Philippines Typhoon Yolanda the Strongest in World History

Philippines Typhoon Yolanda the Strongest in World History
Province of Leyte and other parts of eastern, western and central Visayas was smashed by one of the strongest typhoons in the history of the world.  Many residents are dead as typhoon Haiyan (international name) hit the region.
Southern Luzon also had a taste of the typhoon.  There are no electric current in most places.  Thousands of residents were seriously affected.  A church’s roof was completely flaked in the wrath of the winds brought by typhoon Yolanda.  Even coconut trees are not just felled, but they are also cut.  All houses, including electrical structures were bent by Typhoon Yolanda.  
In Camarines Sur, the so-called “storm surge” caused panic due to the strong waves.  Angry waves were evident likewise in Cebu City.  The lines of communication in the provinces hit by the typhoon are still hard , and black-out is still experienced in most parts of Visayas.  
The fury is rare, same with the devastation left by one of the strongest typhoons in the history of the world. Latest survey reveals 3 dead and 7 injured according to RDMMC but the figure is feared to rise because in Leyte alone, it is estimated that the number of deaths is not lower than 20.  According to Jimmy Manicad, a GMA news reporter, the typhoon could be compared to that of a washing machine rotator while the very strong winds uncontrollably circled in the place.  Another video was taken in Palo Leyte, whereby the residents sought refuge to a nearby church but the roof of the church was flaked completely by the strong winds.  The roof parts are gradually flaked while the ceiling parts drop, leaving the whole church completely smashed.    Another video showed how a tree was cut by the winds, and the fury lasted for more than four hours.  

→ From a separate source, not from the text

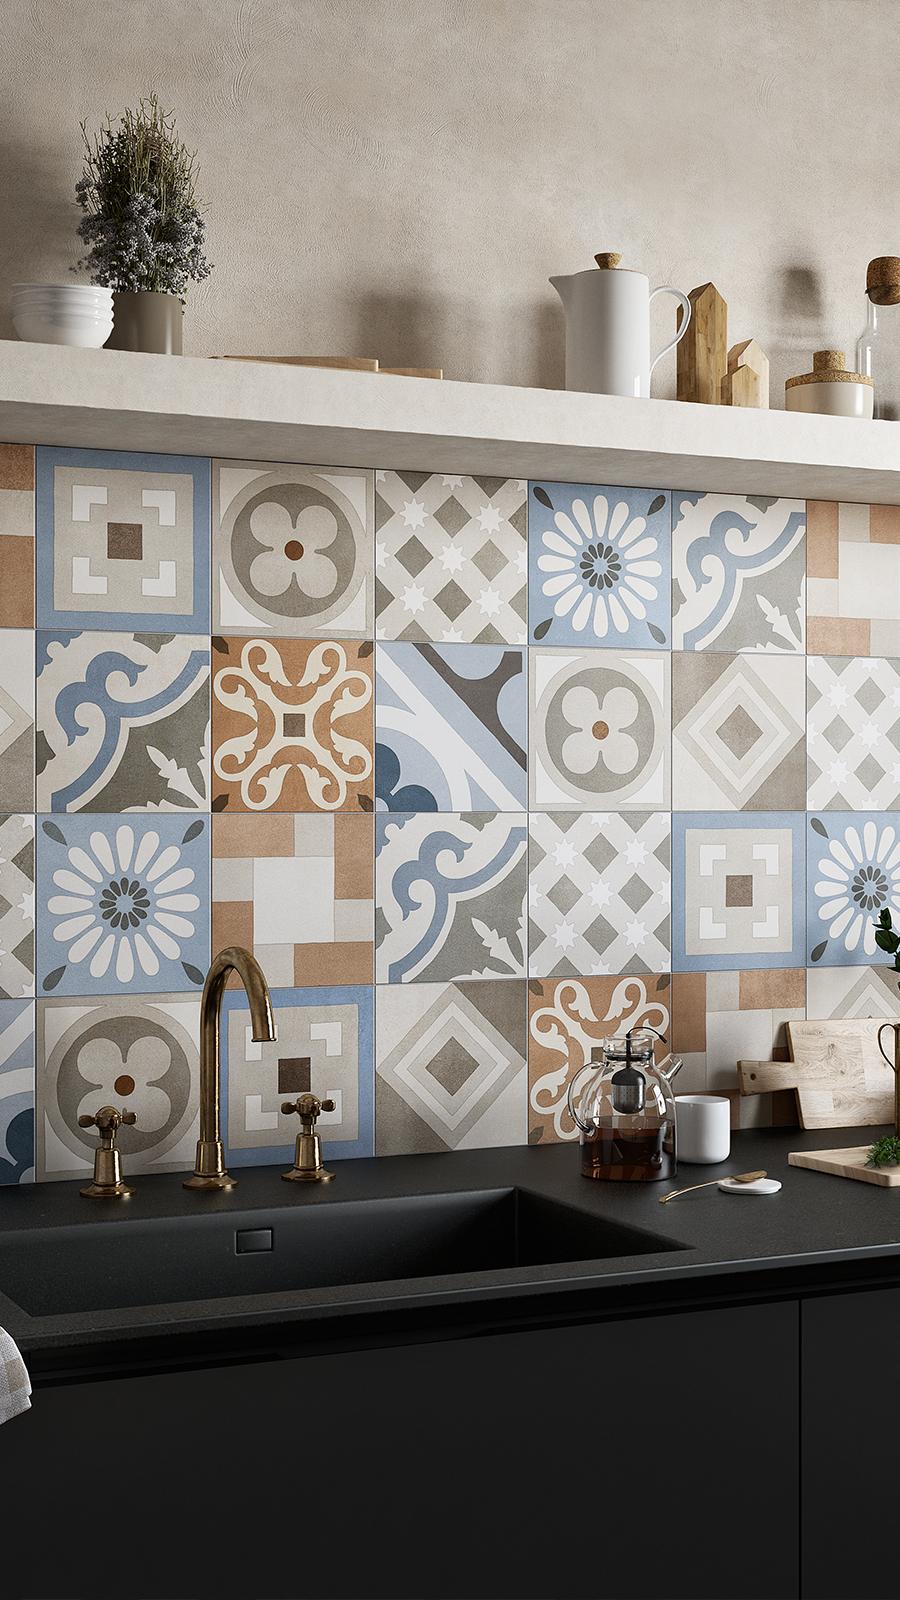 Gres Porcellanato Piastrelle Cucina cementine tiles fioranese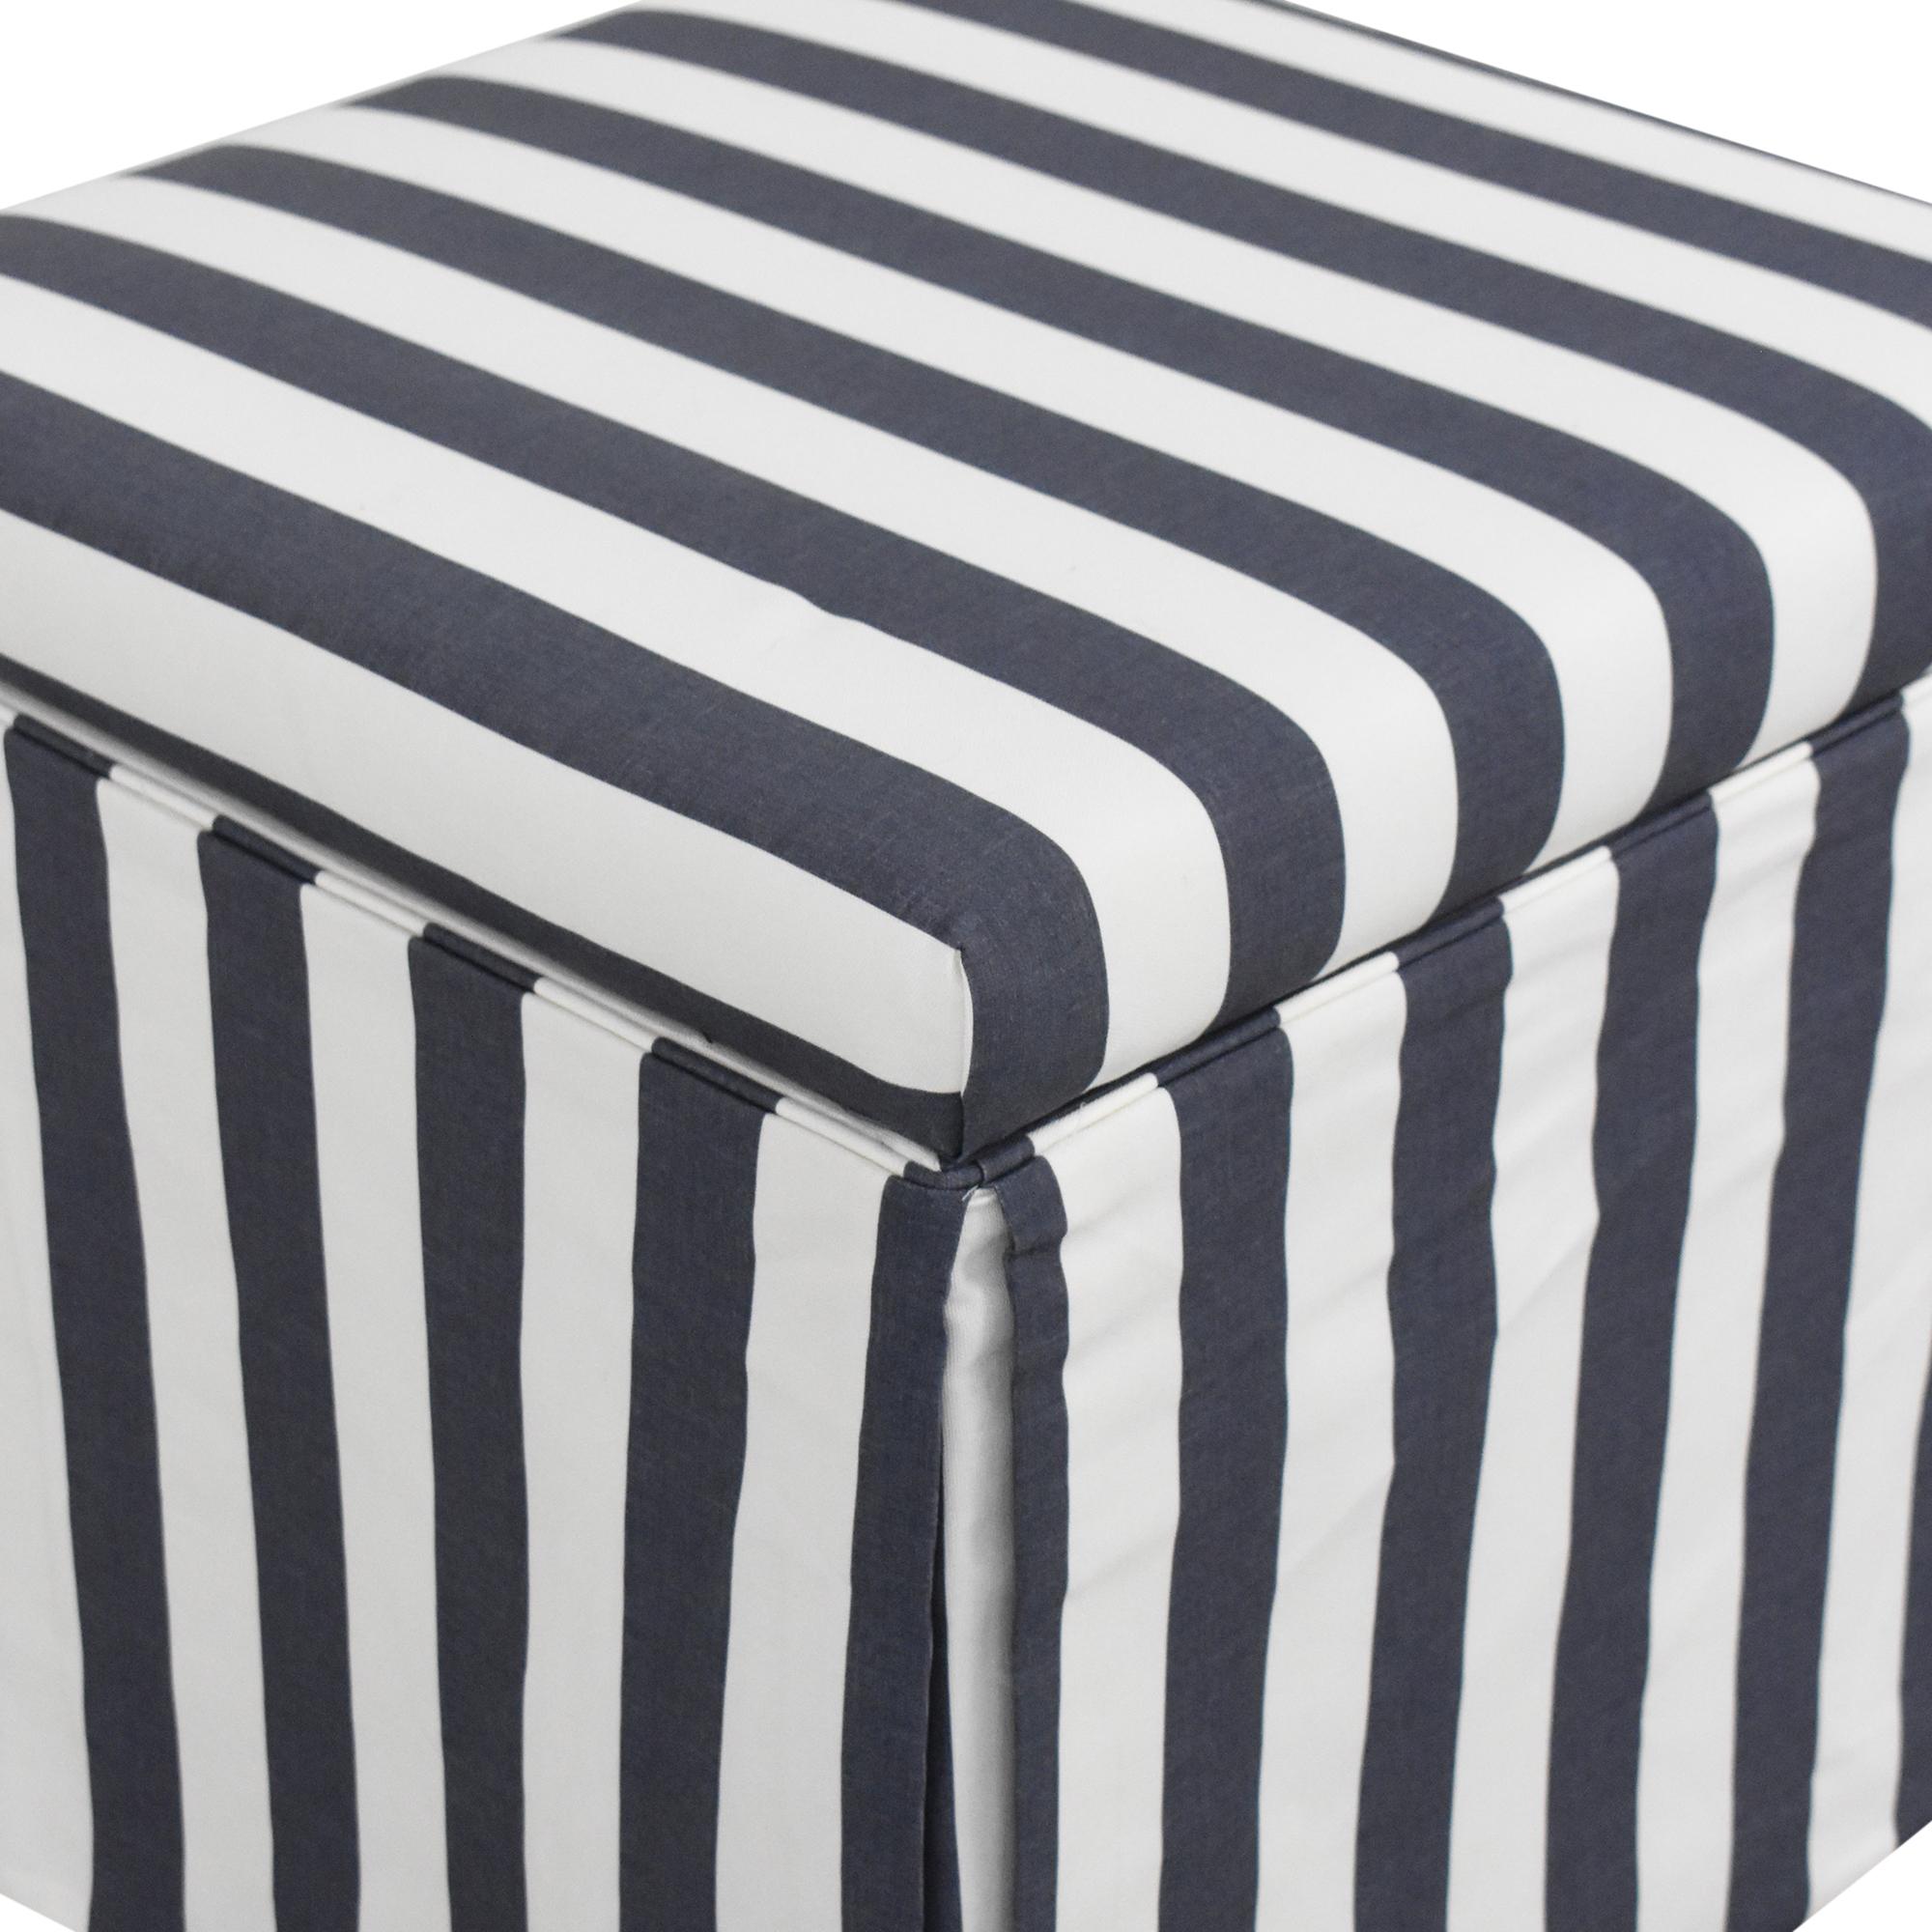 buy The Inside The Inside Cabana Stripe Skirted Storage Ottoman online

The news crew experienced the more than 200 kilometers per hour strength of the winds.  When light came, and the fury commenced, many are dead.  11 dead bodies, one of them a child, were lurched to the coastal areas. The videos showed how the typhoon is able to cut even strong coconut trees.  The hotel roof where the news crew are staying is strong but after the typhoon, cracks developed on the walls and near ceilings.  It was estimated that if the building’s foundations are not that strong, it might have also been smashed.  After the typhoon, upon touring the city’s downtown, cars were layered with each other, the streets were flooded, and the old people who needed to be evacuated because they were wounded, are carried anywher.  
Since there was no means of transportation, the news crew had to walk for 6 hours from the town of Tacloban to the town of Palo just to reach to the satellite.  Along the way a father, one of the fathers carrying their dead children, is seen to carry his 6-year old dead child, a daughter, who died in an evacuation center, where the water rose, and the children were trapped inside the evacuation center, in the town proper of Tacloban.  Among the debris in the streets of Tacloban were not just pieces of parts of a house, but also fallen trees, and electrical posts.  These posts are believed to be not less than 50 pieces, which are fallen along  the Maharlika highway itself.